ArchivistaBox: New foundation until 2029
Egg, December 20, 2024: Whew, this was another close call. Long planned, and yet only now ready. The new foundation for the ArchivistaBox is available from today. Little has changed for users, and not much more in terms of support. And yet the update is crucial, only thanks to a well-maintained foundation will our ArchivistaBoxes run stably, simply and securely for many years, even decades, in tough day-to-day business. This blog is not primarily about the new release, but about the complexity of digital data and how the ArchivistaBox masters this task.
What does a new substructure mean?
With the ArchivistaBox, the solution is delivered from a single source. This means that all the required software is delivered together with the hardware, i.e. in the case of ArchivistaBox, the operating system is delivered together with the applications.
With the old release, this was either kernel 5.4 or 5.10 based on Devuan Beowulf (or Debian Buster); with the new substructure, kernel 6.10 based on Devuan Daedalus (or Debian Bookworm) is supplied. From version 2024/XII onwards, new versions will be released exclusively on the current basis; this is in line with the release in 2019. The support period for the new master release will last until the end of 2029.
This technical information is provided here for the sake of form, but is not the central topic here. During the implementation of the current foundation, the question arose as to what is central. After consulting with many customers, the decision was made that no ground-breaking innovations were needed, just continuity.

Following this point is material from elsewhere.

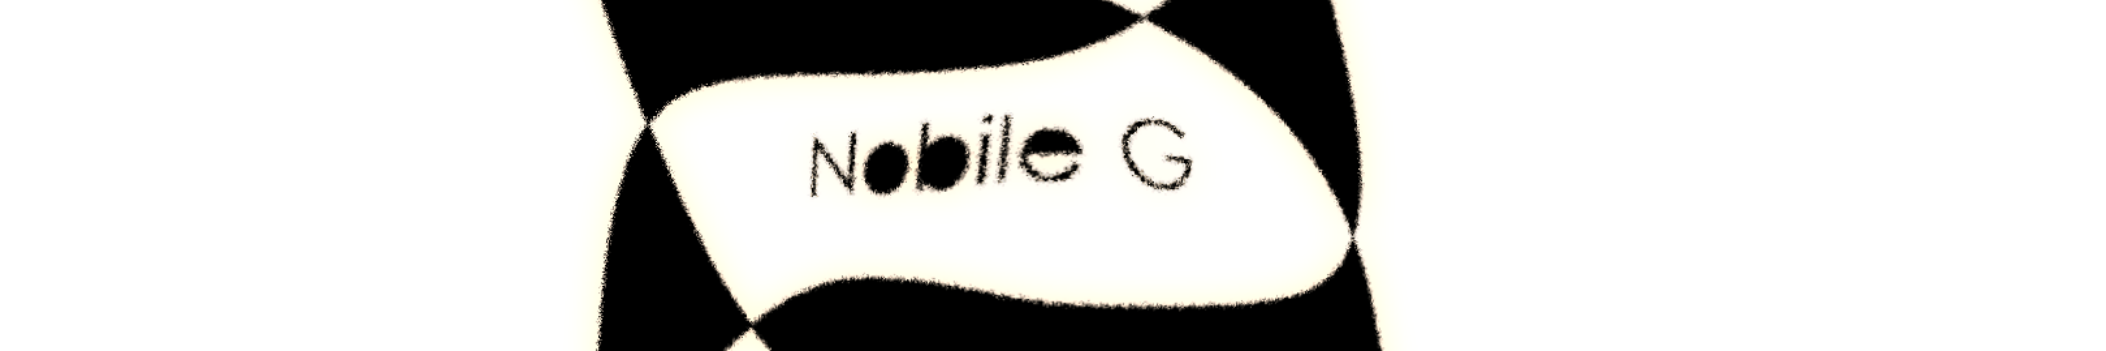 Nobile G

2024/XII: Stability and mass
With version 2024/XII, the scanner drivers were reimplemented and a simple remote solution was realized for all customers. The switch from PHP 7.x to 8.x, the migration of the database to MariaDB 10.x and the upgrade to KVM/Qemu 7.x were not entirely trivial. It therefore seemed more important to us to ensure that all components simply continued to run as before.

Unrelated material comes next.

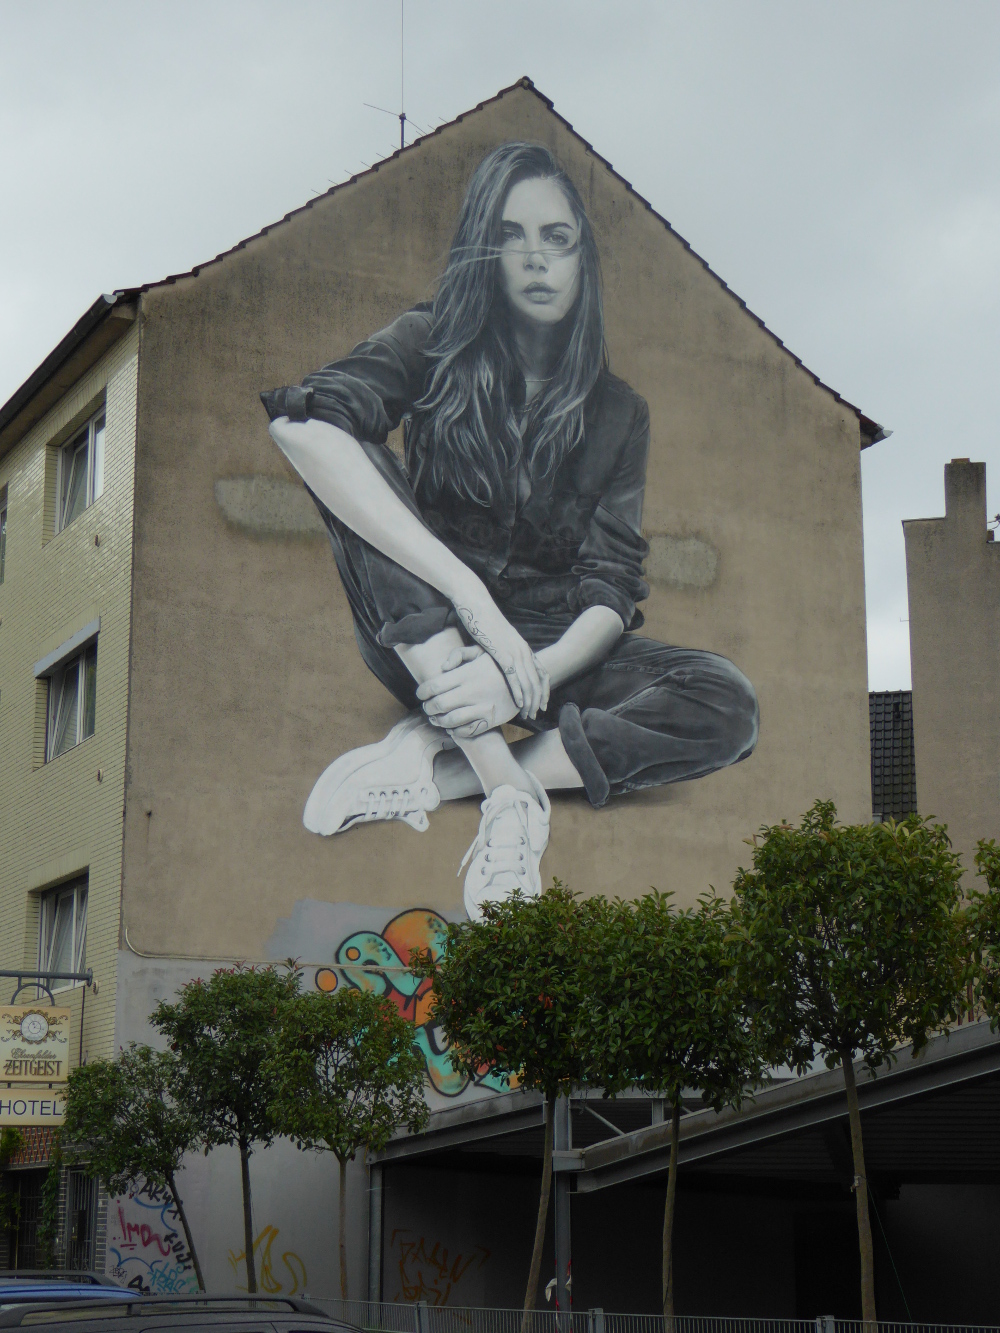 Übergroßes Wandgemälde einer jungen Frau im Fotorealistischen Style ebenfalls in Köln Ehrenfeld - dem El Dorado für alle Streetart-Motiv-Jäger

When the last major master release appeared at the end of 2019, it was all about the ArchivistaBox being able to process multimedia files. In the last five years, these possibilities have been expanded to such an extent that, looking back, it must be said that introducing something is one thing. Bringing it to life in such a way that it can cope with the rigors of everyday business is another.
In the last few days, over 6500 hours of video material were “thrown” into the archive for testing. The ArchivistaBox needed around 5 hours to process the more than 4000 files. Over 760,000 new pages were created in ArchivistaDMS. The newly recorded data volume amounted to approx. 2.2 TByte of data.
Not a single error occurred during processing. It should be noted here that the ArchivistaBox would probably not have been quite ready for this in 2019. Currently, even an ArchivistaBox Matterhorn can handle archives with several dozen TBytes, not to mention the K2 and Everest models. With the latter two ArchivistaBox models, archives of hundreds of TBytes could be managed.
And the ArchivistaBox systems are delivered on standard hardware, requiring neither a server infrastructure nor the corresponding know-how. For this to be possible, a great deal of attention to detail is required. Especially with video files, the “devil” is in the detail. To explain how complex the matter is, let’s go a little further.
It all started with the scanned image
When the Archivista solution appeared on the market in 1998, it was primarily about digitizing printed documents using scanners or adding digital images to the archive. Data that had already been captured digitally was primarily saved as Office files and ASCII text files. At that time, Office files had to be archived using virtual PDF printer drivers; in the case of text files, the problem still exists today that, in principle, nobody knows which character set was used to save the data.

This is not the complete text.